Limitations & Future Work

  • Constrained by the spatial resolution of MLLM internal representations: LLaVA-1.5 produces only 24×24 relevance maps, which may be insufficient for detecting extremely small objects in 8K images.
  • Inherits the base MLLM's limitations in understanding spatial relations (e.g., "left/right of image"), a fundamental weakness that cannot be corrected without training.
  • On large-object datasets (e.g., GQA with LLaVA-OV), performance drops by up to 10.99 pp, as cropping may discard global context necessary for large objects.
  • Target object extraction relies on ICL and may be inaccurate in complex multi-object scenarios.
  • vs.
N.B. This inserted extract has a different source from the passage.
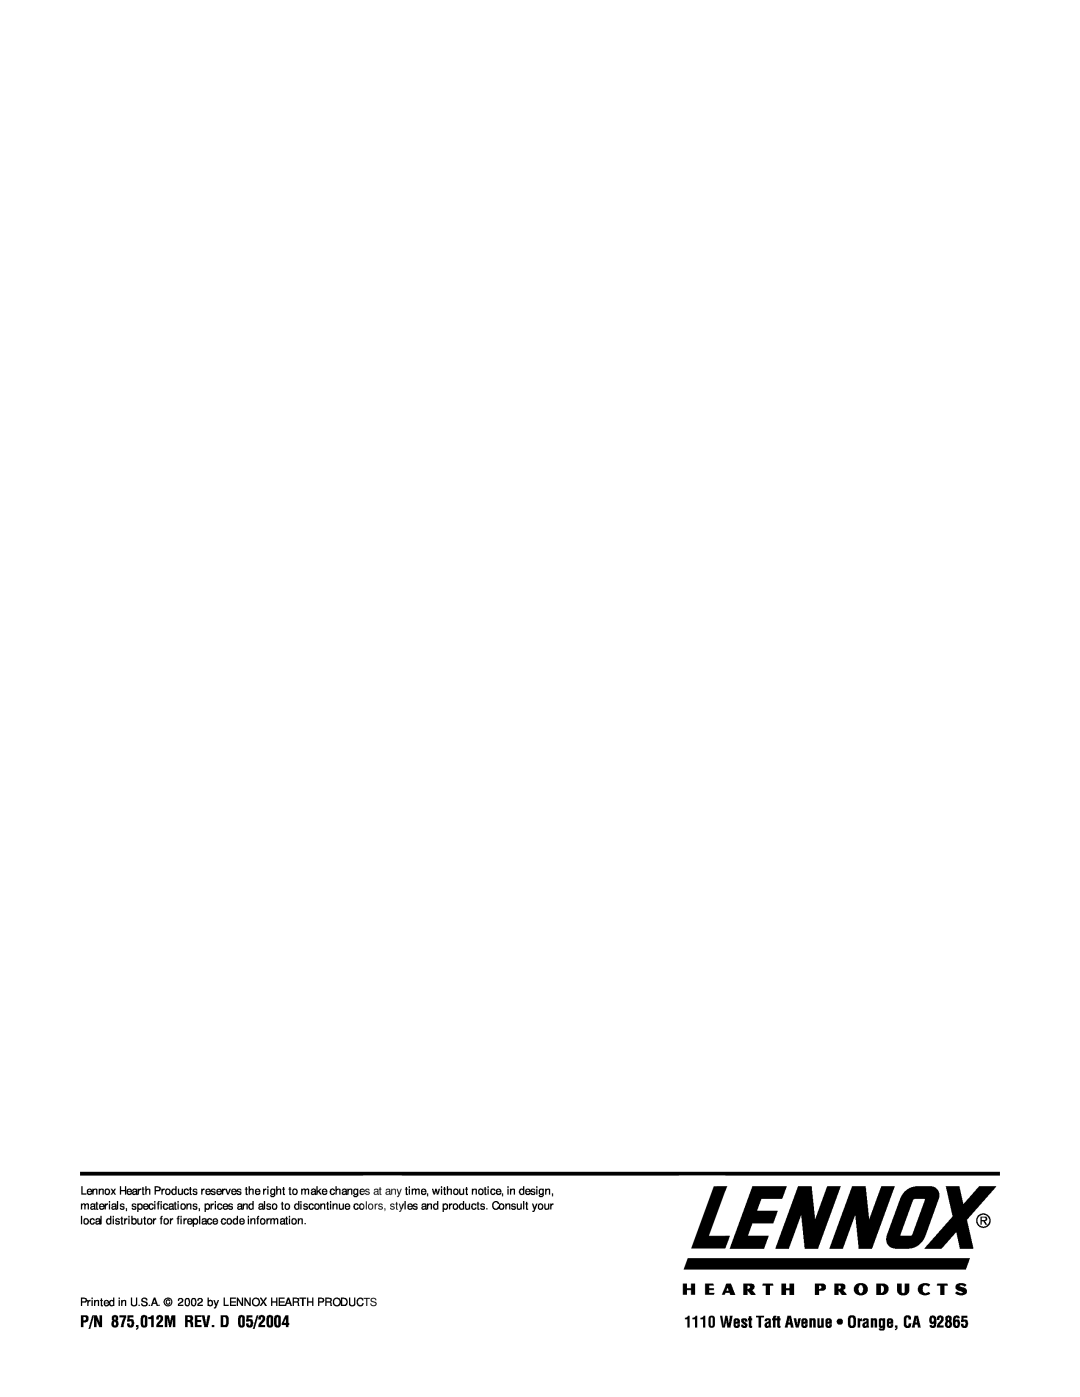 Lennox Hearth EBSTPM-2, EBSTNM-2 manual P/N 875,012M REV. D 05/2004, West Taft Avenue • Orange, CA

ZoomEye: The core difference lies in the search strategy — ZoomEye performs exhaustive hierarchical tree search with 3 forward passes per candidate, while FOCUS uses KV-cache-based relevance maps for informed search requiring only 1 forward pass for localization, yielding 3–6.5× efficiency gains.
  • vs. ViCrop: ViCrop's rel-attn and attn-grad variants depend on full Q-K attention weights or gradients, which are incompatible with FlashAttention; FOCUS is fully compatible with modern efficient inference frameworks via V-V pseudo-attention.
  • vs. DC2: DC2 queries the MLLM to generate captions for each candidate region to determine target presence, incurring substantial computational overhead; FOCUS extracts spatial information directly from internal representations without additional text generation.
  • vs. SEAL: SEAL requires an auxiliary decoder and task-specific fine-tuning to predict heatmaps; FOCUS is entirely training-free and plug-and-play.

The finding that KV-cache implicitly encodes spatial information is transferable to a variety of tasks, including training-free open-vocabulary detection, image editing region localization, and spatiotemporal localization in video. V-V pseudo-attention can serve as a general-purpose substitute for attention visualization and interpretability analysis under FlashAttention. The AND-semantic multi-token intersection filtering paradigm is a clean and extensible approach for compositional attribute queries, applicable to multi-attribute retrieval and combinatorial reasoning.

Rating

  • Novelty: ⭐⭐⭐⭐ — Using KV-cache value features for object localization is a novel perspective, though the overall "localize-then-answer" paradigm remains conventional.
  • Experimental Thoroughness: ⭐⭐⭐⭐⭐ — Four datasets, three model architectures, detailed ablation studies, and hyperparameter sensitivity analysis provide comprehensive coverage.
  • Writing Quality: ⭐⭐⭐⭐⭐ — Motivation is clearly derived, method description is precise, figures and tables are well-designed, and comparisons with competing methods are fair.
  • Value: ⭐⭐⭐⭐ — Addresses a practical efficiency bottleneck with an elegant, plug-and-play method of clear relevance to industrial deployment.